In multiple sclerosis, comparing PBMC samples at SC resolution from sets of twins discordant in multiple sclerosis revealed an inflammatory shift in a monocyte cluster, together with a subset of naive helper T cells that are IL-2-hyper-responsive in the multiple sclerosis cohort61. SC techniques have also helped to explain epidemiological evidence implicating Epstein–Barr virus (EBV) as a necessary aetiological factor in multiple sclerosis62. Using single-cell B cell receptor sequencing (scBCR-seq; Box 2) of both cerebrospinal fluid and blood from patients with multiple sclerosis revealed expansion of B cell clones in multiple sclerosis that bind a similar antigen in glia (GlialCAM) and EBV (EBNA1)63.
Further studies in rheumatoid arthritis, modelling expression quantitative trait loci (eQTLs) at SC resolution in memory T cells found several autoimmune variants enriched in cell-state-dependent eQTLs64, identifying risk variants for rheumatoid arthritis enriched near the ORMDL3 and CTLA4 genes. It is important to note that eQTLs depend on the functional cell state, thus their identification is complicated in studies that aggregate cells.
Technological advancements building on SC protocols can further enhance disease understanding. For example, tetramer-associated T cell antigen receptor sequencing (TetTCR-SeqHD) helped to unravel the role of cytotoxic T cells in type 1 diabetes by combining TCR-seq readouts with cognate antigen specificity, gene expression and surface marker presence65.
Infectious diseases
A prominent example of the use of SC approaches to advance understanding of infectious diseases is in the recent study of coronavirus disease 2019 (COVID-19) to identify immune correlates of disease severity in human tissue. Comparing bronchoalveolar lavages of patients with COVID-19 of different disease severity found local immune profiles associated with disease status66. Analyses of SC transcriptome, surface proteome and T and B lymphocyte antigen receptors of PBMC samples from patients with COVID-19 found a monocytic role in platelet aggregation, circulating follicular helper T cells in mild disease and clonal expansion of cytotoxic CD8+ T cells and an increased ratio of CD8+ effector T cells to effector memory T cells in the more severe cases67. These findings indicate cellular components that might be targeted therapeutically. Similarly, scRNA-seq of circulating immune cells and readouts of metabolites in plasma of patients with COVID-19 revealed an intricate interplay between immunophenotypes and metabolic reprogramming. Emerging rare, but metabolically dominant, T cell subpopulations were found, along with a bifurcation of monocytes into two metabolically distinct subsets that correlated with disease severity68. Further, combining SC transcriptomics and SC proteomics (Box 2) with mechanistic studies found that generation of the C3a complement protein fragment by severe acute respiratory syndrome coronavirus 2 (SARS-CoV-2) infection drives differentiation of a CD16-expressing T cell population associated with severe COVID-19 disease outcomes69.

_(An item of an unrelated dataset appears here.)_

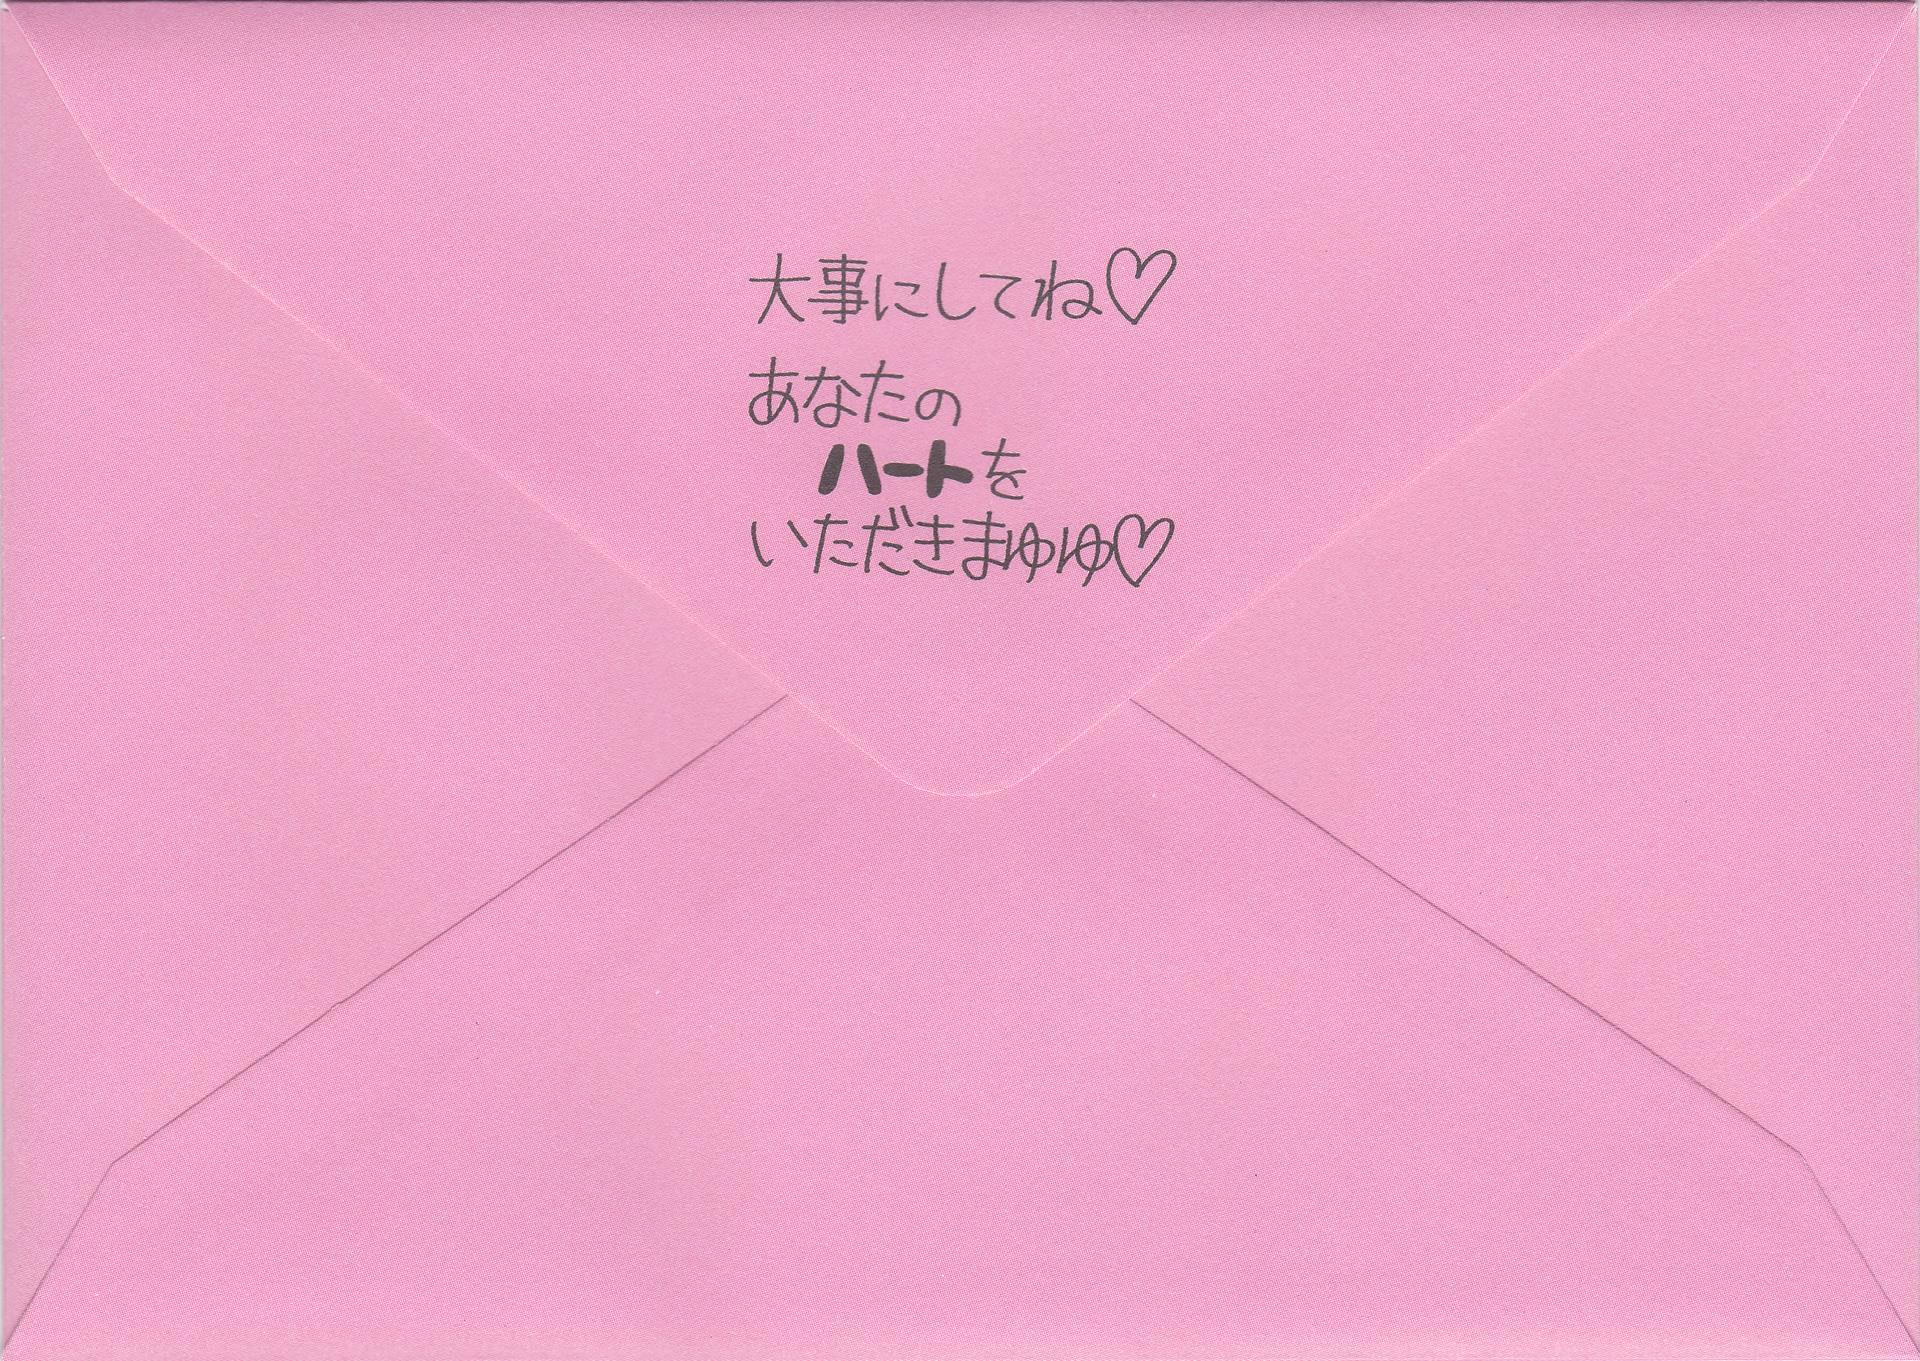 渡辺麻友 写真集「まゆゆ」 画像 91
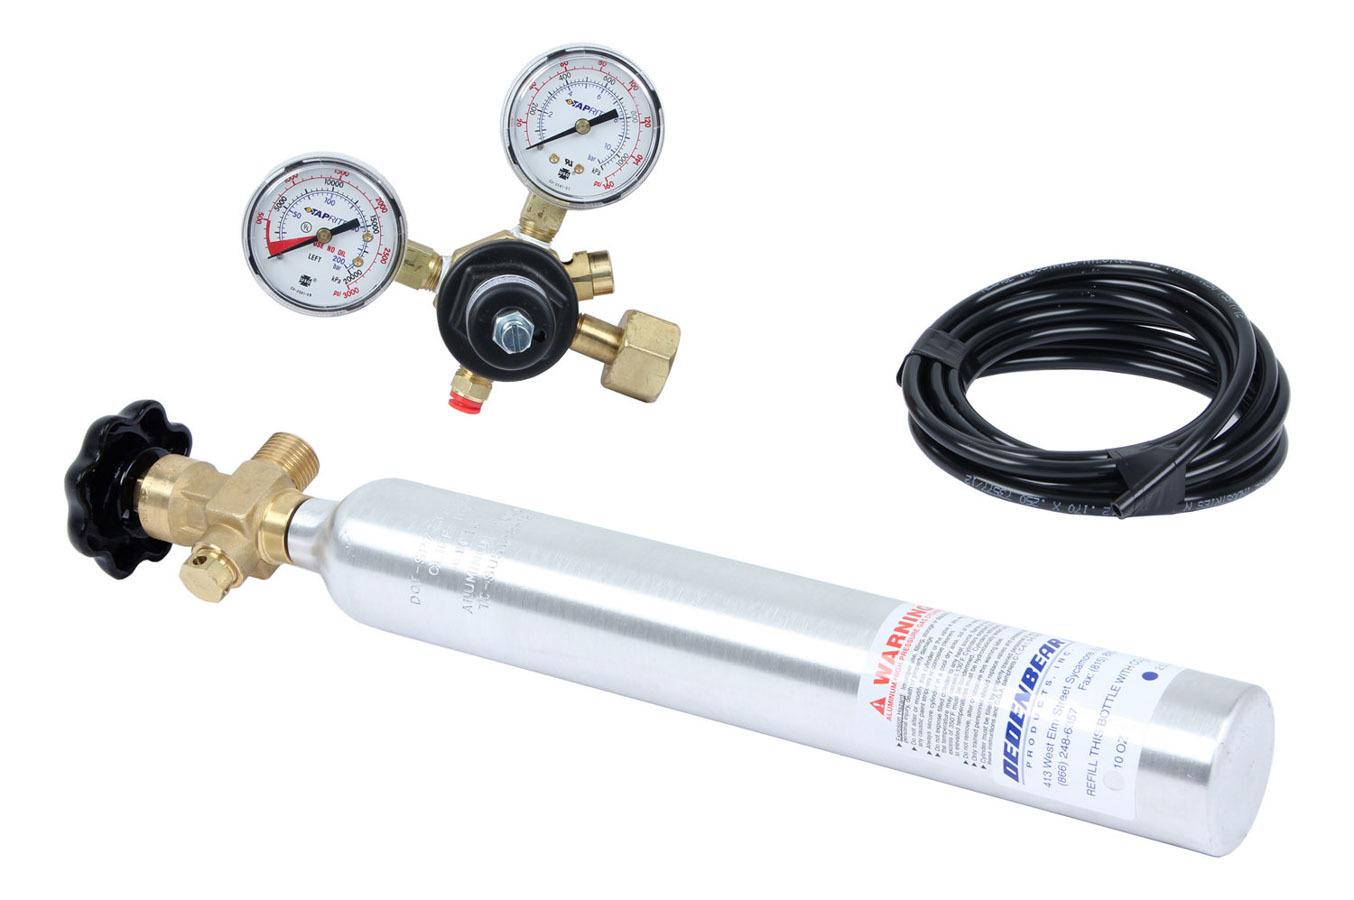 Dedenbear CO2 Regulator Kit

SC analysis of lung tissue samples collected post-mortem from patients with COVID-19 identified molecular fingerprints of hyperinflammation, alveolar epithelial cell exhaustion, vascular changes and fibrosis70. Data suggested FOXO3A suppression as a potential mechanism underlying the fibroblast-to-myofibroblast transition associated with COVID-19 pulmonary fibrosis, providing insights into potential symptomatic treatments for SARS-CoV-2. A complementary study compiling lethal COVID-19 multi-tissue SC data sets from scRNA-seq and snRNA-seq analyses identified potential disease-relevant mechanisms, such as defective alveolar type 2 differentiation, expansion of fibroblasts and putative TP63+ intrapulmonary basal-like progenitor cells in the lungs of dead patients71. A review of the SC immunology of SARS-CoV-2 infection has provided interactive and downloadable curated SC data sets72.
Other notable applications of SC technologies in infectious diseases include the study of bacterial heterogeneous clonal evolution during infection and the characterization of granulomas in tuberculosis.
Parallel sequential fluorescence in situ hybridization (Par-seqFISH) was developed to capture gene expression profiles of individual prokaryotic cells while preserving spatial context73. This technology showed heterogeneity in growing Pseudomonas aeruginosa populations and demonstrated that individual multicellular biofilms can contain coexisting but separated subpopulations with distinct physiological activities73.
Coupling sophisticated SC analyses with detailed in vivo measurements of Mycobacterium tuberculosis-associated granulomas was used to define the cellular and transcriptional properties of a successful host immune response during tuberculosis74. Lack of clearance of granulomas and persistence of M. tuberculosis was characterized by type 2 immunity and a wound-healing involvement, whereas granulomas that drove bacterial control were dominated by the presence of pro-inflammatory type 1, type 17 and cytotoxic T cells74.
Target discovery
The precision and granularity that SC technologies bring to disease understanding can not only accelerate the discovery of new drug targets, but also potentially reduce attrition by providing insights into issues that affect the likelihood that drug candidates modulating these targets will progress successfully. Below, we discuss examples that illustrate the general impact of SC technologies in target discovery, while being mindful that the terms associated with target progression, such as identification, validation, credentialling and qualification have different but overlapping meanings.
Target identification
Oncology is at the forefront of the application of SC approaches to target identification. A clear example of the use of SC analysis in the discovery of novel cell-type-specific targets is the identification of S100A4 as a novel immunotherapy target in glioblastoma, following an integrated analysis of >200,000 glioma, immune and other stromal cells from human glioma samples at the SC level. Deleting this target in non-cancer cells reprogrammed the immune landscape and significantly improved survival75. Developing strategies to directly target cancer cells remains a primary focus, and SC technologies can also provide significant benefits here. As an example, SC genomics has recently provided a map charting potential new tumour antigens76. These are ideal targets for cell-depleting therapeutic monoclonal antibodies, as has been demonstrated for haematological cancers (for example, rituximab or alemtuzumab).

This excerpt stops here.